Unsolicited contact: If you get an unsolicited call or text from your bank regarding an urgent issue, treat it with caution, you can always hang up and call back using the contact info found on the back of your card or account statement.


Your last comment contradicts the scenario you set up. In your scenario, your card is already declined. So whether you respond to the questions of the unsolicited caller or call the number on the back of the phone the card needs to be restarted. Why would you choose to provide information to someone whose identity you don't know when it takes so little to hang up to ensure you are actually speaking with someone associated with your card.

Bottom line, it is just a stupid risk to take to provide any information in response to an unsolicited call or text (or email, for that matter). Do some searching. You'll find everything I have suggested above being used as part of financial fraud. Ignore it at your own peril.

AZJonnie

(4,288 posts)
46. No, because only if you respond to a text in the scenario I described with a 'no' I didn't make the charge
Sun Jul 12, 2026, 01:15 PM
2 hrs ago

that's when your card gets suspended in a way that causes them to disallow all further activity on the card. If you say 'yes I did' then the merchant tries the card again and it will work, and the card is then not further suspended.

I suppose yes if the thief is hanging out nearby and scraping phone numbers and texting everyone 'hey did you make this purchase' in a manner that's professional-looking enough to trick the card holder, and that real cardholder is the only one who replies 'yes I'm trying to make the purchase' + the business is 'in on it' such that they're using a counterfeit payment terminal that will pretend to decline certain purchases such that the in-store criminals they're working with get the chance to perpetrate the text scheme, then yes, in that case, the criminal then adds knowledge of the phone number associated with the account.

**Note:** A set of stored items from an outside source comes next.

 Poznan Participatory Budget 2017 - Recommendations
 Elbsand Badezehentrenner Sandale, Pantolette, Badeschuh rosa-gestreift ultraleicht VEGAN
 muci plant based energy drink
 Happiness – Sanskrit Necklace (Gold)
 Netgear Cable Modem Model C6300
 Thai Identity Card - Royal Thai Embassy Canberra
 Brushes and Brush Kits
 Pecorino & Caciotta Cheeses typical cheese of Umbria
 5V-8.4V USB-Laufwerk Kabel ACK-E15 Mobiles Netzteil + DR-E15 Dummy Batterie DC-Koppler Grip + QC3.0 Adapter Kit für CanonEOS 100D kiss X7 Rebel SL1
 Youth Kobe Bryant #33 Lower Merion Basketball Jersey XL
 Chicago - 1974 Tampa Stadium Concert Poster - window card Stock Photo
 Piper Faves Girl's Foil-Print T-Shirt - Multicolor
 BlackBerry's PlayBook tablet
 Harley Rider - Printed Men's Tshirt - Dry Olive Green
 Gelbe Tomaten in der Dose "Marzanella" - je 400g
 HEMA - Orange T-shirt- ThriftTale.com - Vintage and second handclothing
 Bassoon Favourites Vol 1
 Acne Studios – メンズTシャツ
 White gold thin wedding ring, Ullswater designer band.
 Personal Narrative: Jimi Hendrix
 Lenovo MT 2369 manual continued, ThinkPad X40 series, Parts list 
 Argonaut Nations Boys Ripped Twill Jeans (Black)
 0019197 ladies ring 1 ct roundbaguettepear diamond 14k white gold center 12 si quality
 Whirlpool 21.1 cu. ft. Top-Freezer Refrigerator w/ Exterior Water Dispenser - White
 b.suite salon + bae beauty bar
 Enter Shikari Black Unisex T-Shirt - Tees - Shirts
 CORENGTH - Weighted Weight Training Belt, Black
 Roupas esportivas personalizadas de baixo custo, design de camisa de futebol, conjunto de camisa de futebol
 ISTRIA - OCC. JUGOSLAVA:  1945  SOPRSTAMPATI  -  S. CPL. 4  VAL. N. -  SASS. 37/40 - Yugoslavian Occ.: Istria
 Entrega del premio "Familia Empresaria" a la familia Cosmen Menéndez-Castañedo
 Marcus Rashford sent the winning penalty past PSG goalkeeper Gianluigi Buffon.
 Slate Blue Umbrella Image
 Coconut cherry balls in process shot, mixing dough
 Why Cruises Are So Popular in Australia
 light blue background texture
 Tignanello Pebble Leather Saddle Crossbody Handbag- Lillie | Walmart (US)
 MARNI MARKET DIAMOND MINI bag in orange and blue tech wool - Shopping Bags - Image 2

So I'll stipulate that if the text comes in when you're at a small store that feels like it might be really sketchy generally, that's a higher risk. But that's not going to happen at, say, Costco or another similar large corporation. And you'd have to get pretty unlucky with "timing" because that's highly illegal stuff and the credit card companies will blacklist that business and report them to authorities pretty damn quickly, and they WILL act. The security of the systems by which people pay for purchases through bank cards drives the entire world's system of commerce is taken pretty seriously. A shop is not going to survive long as a business if they are actually a front for a credit card theft scheme. They'll get caught, and go to jail.

I'm pretty much saying there's one and only one scenario where, if you get an unsolicited text appearing to come from your institution (and you know your institution uses a system like this, like BofA does) that I think it's reasonable to respond to it. If others feel it's not worth the risk, I'm not faulting them for it. But you've brought me around to the idea that it carries SOME risk, esp. if you're at some sketchy outfit, like a roadside gift shop in the middle of Nowheresville.

Thanks for the talk

BWdem4life

(3,181 posts)
20. Did you read the article?
Sat Jul 11, 2026, 03:00 PM
Yesterday

That’s exactly how it started, with a simple “no” reply to a text asking to verify a credit card purchase.

Progressive dog

(7,662 posts)
5. They've got the con down pat.
Sat Jul 11, 2026, 01:16 PM
Yesterday

I never reply to that kind of a text message or e-mail. I will check my account only by logging in online. I still worry.

Cha

(321,820 posts)
7. Oh wow, that poor Pilot guy!
Sat Jul 11, 2026, 01:47 PM
Yesterday

I always used Google to check if those official-looking texts from ATT and a lot of the other companies were real, and they always said No.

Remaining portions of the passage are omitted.